United States Court of Appeals, Tenth Circuit.

Jan. 8, 1998.

Before KELLY, HOLLOWAY, and HENRY, Circuit Judges.

ORDER AND JUDGMENT*

After examining the briefs and appellate record, this panel has determined unanimously to grant the parties' request for a decision on the briefs without oral argument. See Fed. R.App. P. 34(f) and 10th Cir. R. 34.1.9. The case is therefore ordered submitted without oral argument.

* In this direct appeal, defendant-appellant De La Cruz-Ramos raises only the issue of whether the district judge abused his discretion in denying defendant's motion to withdraw his guilty plea. Mr. De La Cruz-Ramos was charged in a one count indictment with re-entry by a deported alien, subsequent to conviction for an aggravated felony, in violation of 8 U.S.C. § 1326. After initially entering a plea of not guilty, the defendant entered into a plea agreement with the government. The plea agreement called for the government to recommend sentencing at the low end of the applicable range and for the defendant to receive a reduction in offense level for acceptance of responsibility. A change of plea hearing was set.

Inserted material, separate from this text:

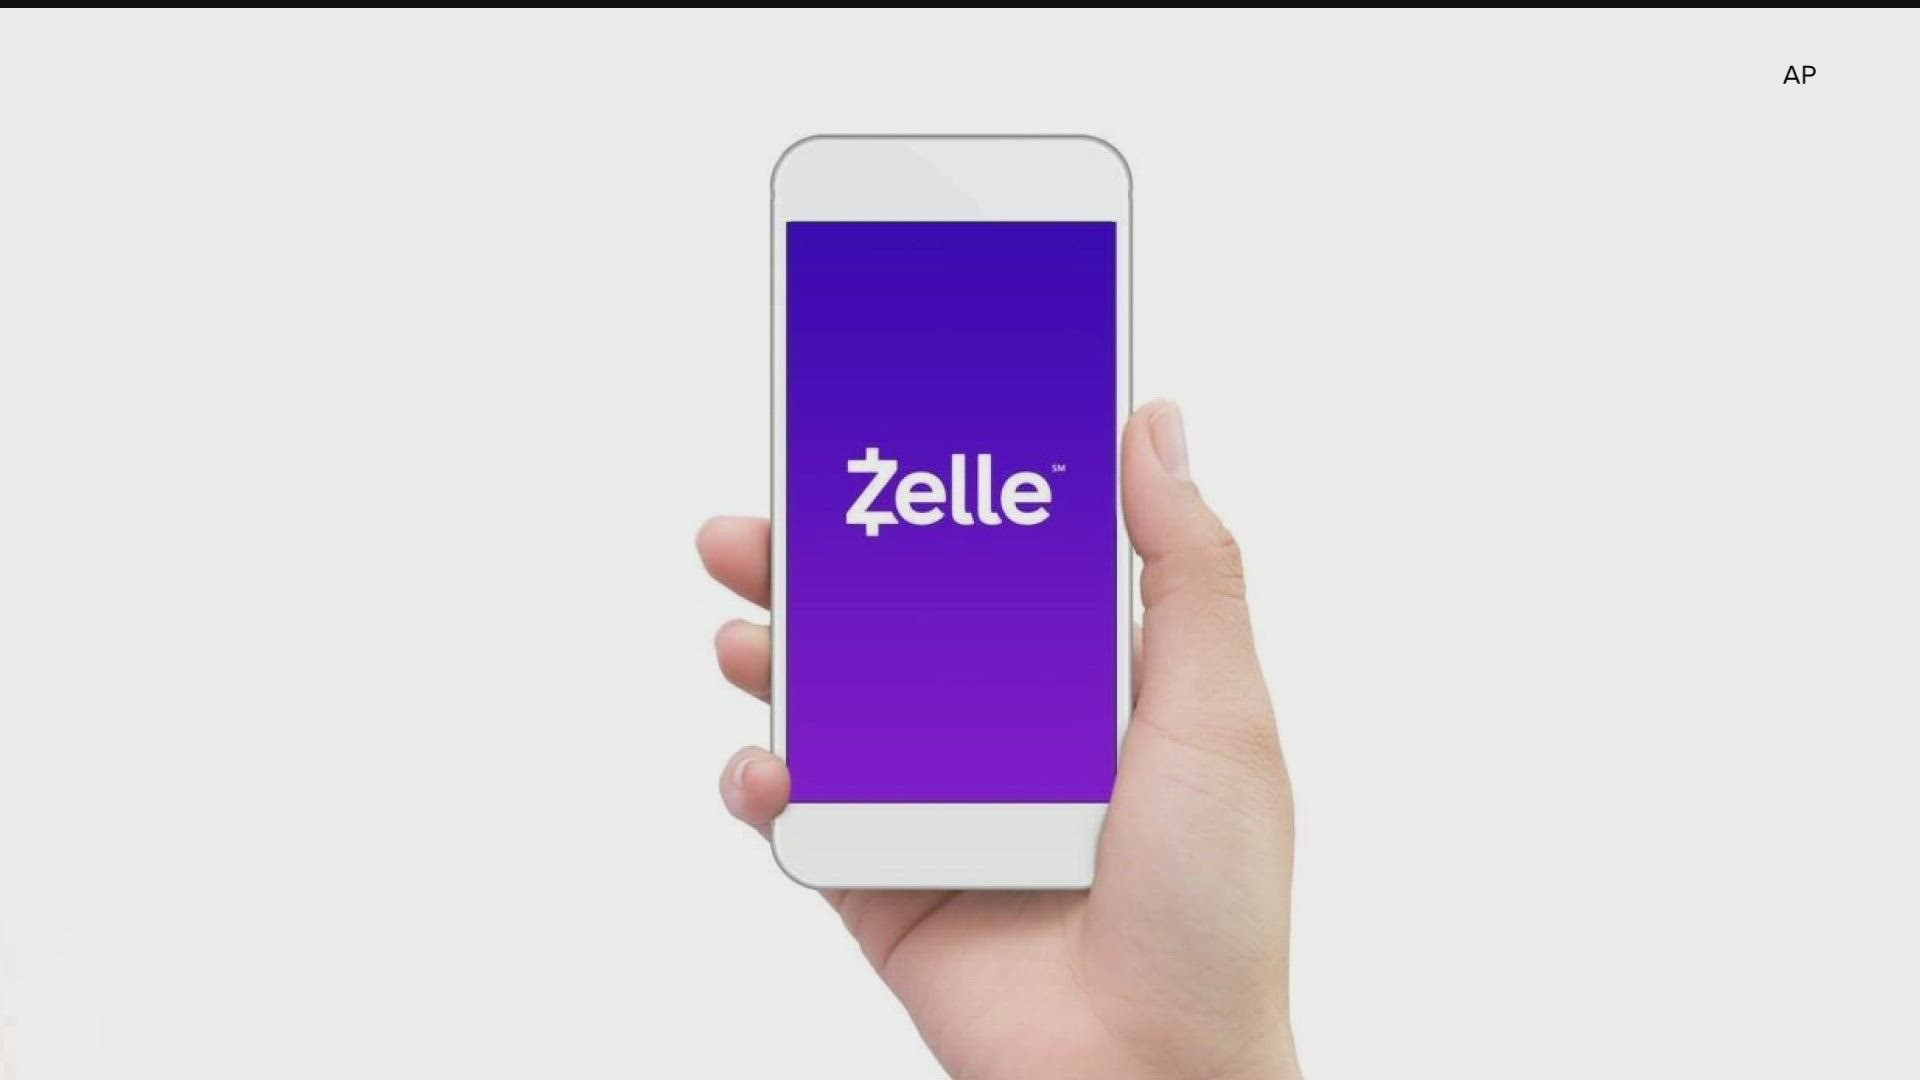 Digital payment apps like Zelle are convenient options for sending money, but do they come with a cost?

At the change of plea hearing, the district judge made the appropriate inquiries into the defendant's understanding of the charge against him, the maximum possible penalty, and the fact that the actual sentence would be determined by application of the Sentencing Guidelines. Upon inquiry from the court, Mr. De La Cruz-Ramos stated that he was satisfied with his court appointed attorney. II R. at 9. Under oath, defendant admitted that he had previously been convicted of possession of heroin with intent to distribute and that he had reentered the United States after deportation without authorization. II R. at 11-13. The district court made all other inquiries required under Fed.R.Crim.P. 11. At the conclusion of this hearing, the court found the plea of guilty was knowingly and voluntarily entered, that there was a factual basis for the plea, and the judge found defendant guilty on his plea of guilty and set a date for sentencing. II R. at 14-15.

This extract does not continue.